Inps, opps, azz!


Stamattina mi sono trasformata in pupazzo di neve davanti alla porta degli uffici INPS.

Esperienza interessante che mi fa sentire giovane, perchè normalmente sono circondata da pensionati o persone comunque più grandi di me che mi chiamano “signorina”. Che io, in effetti, sono tanto signorina soprattutto quando ho i capelli sciolti sulle spalle e i miei occhialini rossi da nerd. Per cui, tra l’effetto ghiacciaia dell’attesa che mi ha stirato le rughe come fosse botulino e l’allegra compagnia “vecchiume”, mi sembra quasi di avere un viso da ragazzina e mi gaso.

Il bello dell’andare per uffici durante le festività, è che sono molto più vuoti del solito.

Incredibilmente, prima delle nove l’impiegata mi ha ricevuta e in meno di un quarto d’ora ha risposto in modo gentile e soddisfacente a tutte le mia domande e mi ha anche augurato un grosso in bocca al lupo. Cosa chiedere di più?

Ma la cosa più divertente è stata la conversazione con una signora (non signorina) che era in attesa insieme al marito per una pratica simile a quella che dovevo fare io: ci siamo messe a chiacchierare delle vicissitudini professionali un pò sfigate di tutti noi presenti e, a un certo punto, dopo avermi fissata per un pò mentre parlavamo, mi ha interrotta dicendomi le posso dire una cosa?

Io non so cosa vuol fare lei, ma lei è di sicuro una creativa, ce l’ha scritto in faccia!

Premetto che in faccia avevo gli occhialini rossi da nerd, il ciuffo ingestibile delle mie giornate migliori, ed ero completamente senza trucco.
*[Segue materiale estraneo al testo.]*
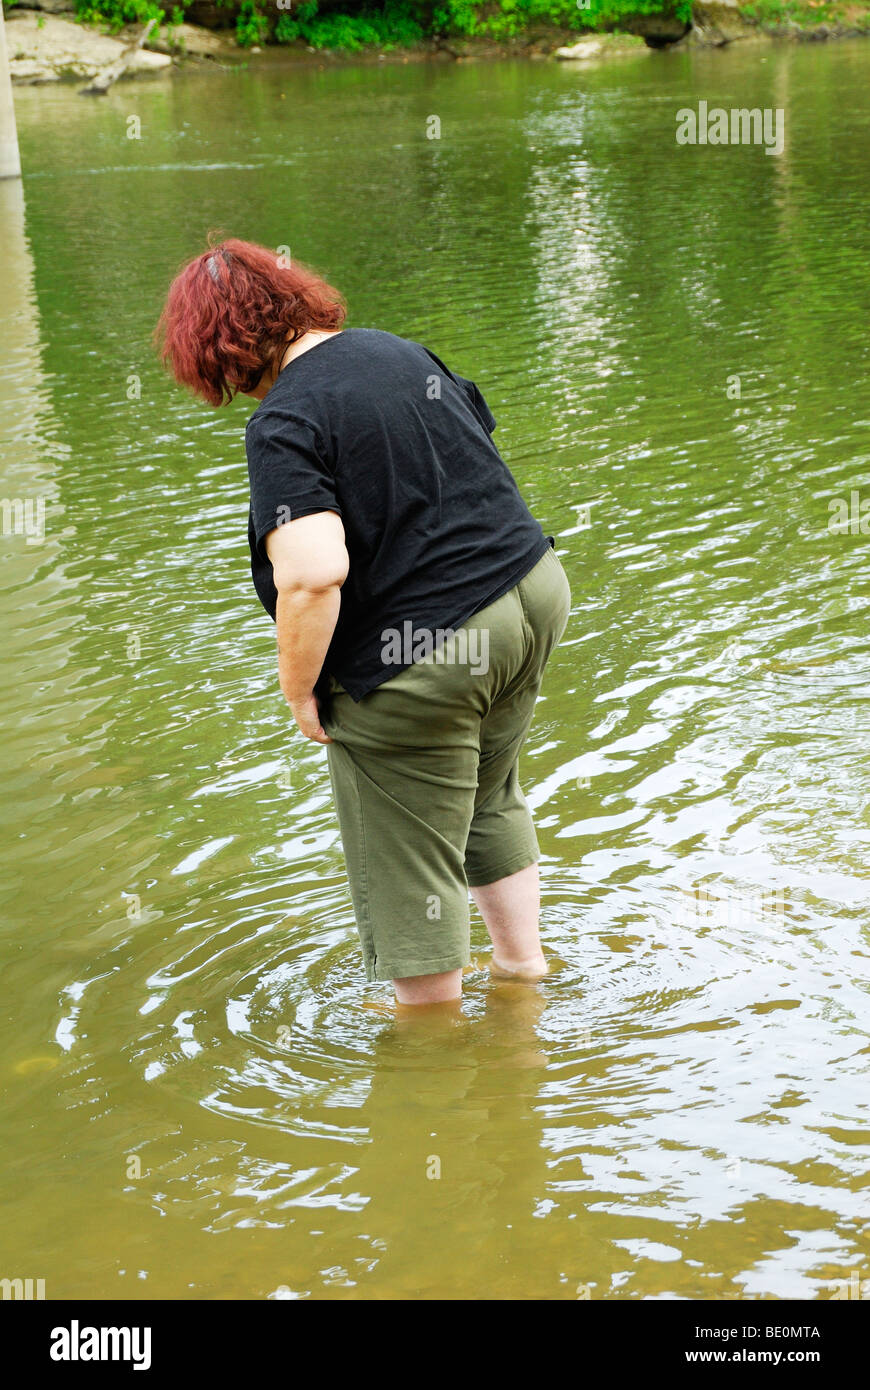 woman wading in the licking river in Zanesville ohio Stock Photo

Tecnicamente, quando mi espongo al mondo con questa disionvoltura del tutto ingiustificata, mi qualifico “cesso cosmico”, anche per dare un senso universale a questo tipo di bellezza che definirei “di nicchia”.

Invece, la signora mi dimostra che mi sono sempre sbagliata.

Ho la faccia da creativa.

Le ho chiesto il perchè, e lei ha aggiunto lei ha qualcosa di diverso, si vede signorina, lontano un miglio.

Aprirei una parentesi sulle persone che mi dicono che ho qualcosa di diverso, aggettivo che va interpretato nei modi più disparati. Io sono un soggetto che per motivi inspiegabili richiama molto spesso questo tipo di attenzioni e mi sono sempre sentita lusingata, ma da quando il mio amico Luca mi ha consegnato questa perla di saggezza: “se un uomo ti dice che sei speciale, non è vero”, (da quel momento non passa giorno che non me lo dica a voce o, in assenza, via sms), sono diventata incredibilmente sospettosa su chiunque si sbrodoli in complimenti ridondanti e non richiesti.

Però alla signora dell’Inps ho deciso che voglio credere.

In effetti scrivo per il blog e ho iniziato un romanzo che spero di portare a termine, ho un bel pò di progetti, voglio fare mille viaggi, mi sto lanciando nel magico mondo della fotografia e sono molto curiosa di conoscere nuove cose e persone.

Sono creativa, si. Lo affermo e lo urlo al mondo perchè adesso ci credo.

Almeno finchè non arriverà l’amico di turno a dirmi “se una signora in coda all’Inps ti dice che sei creativa, non è vero”.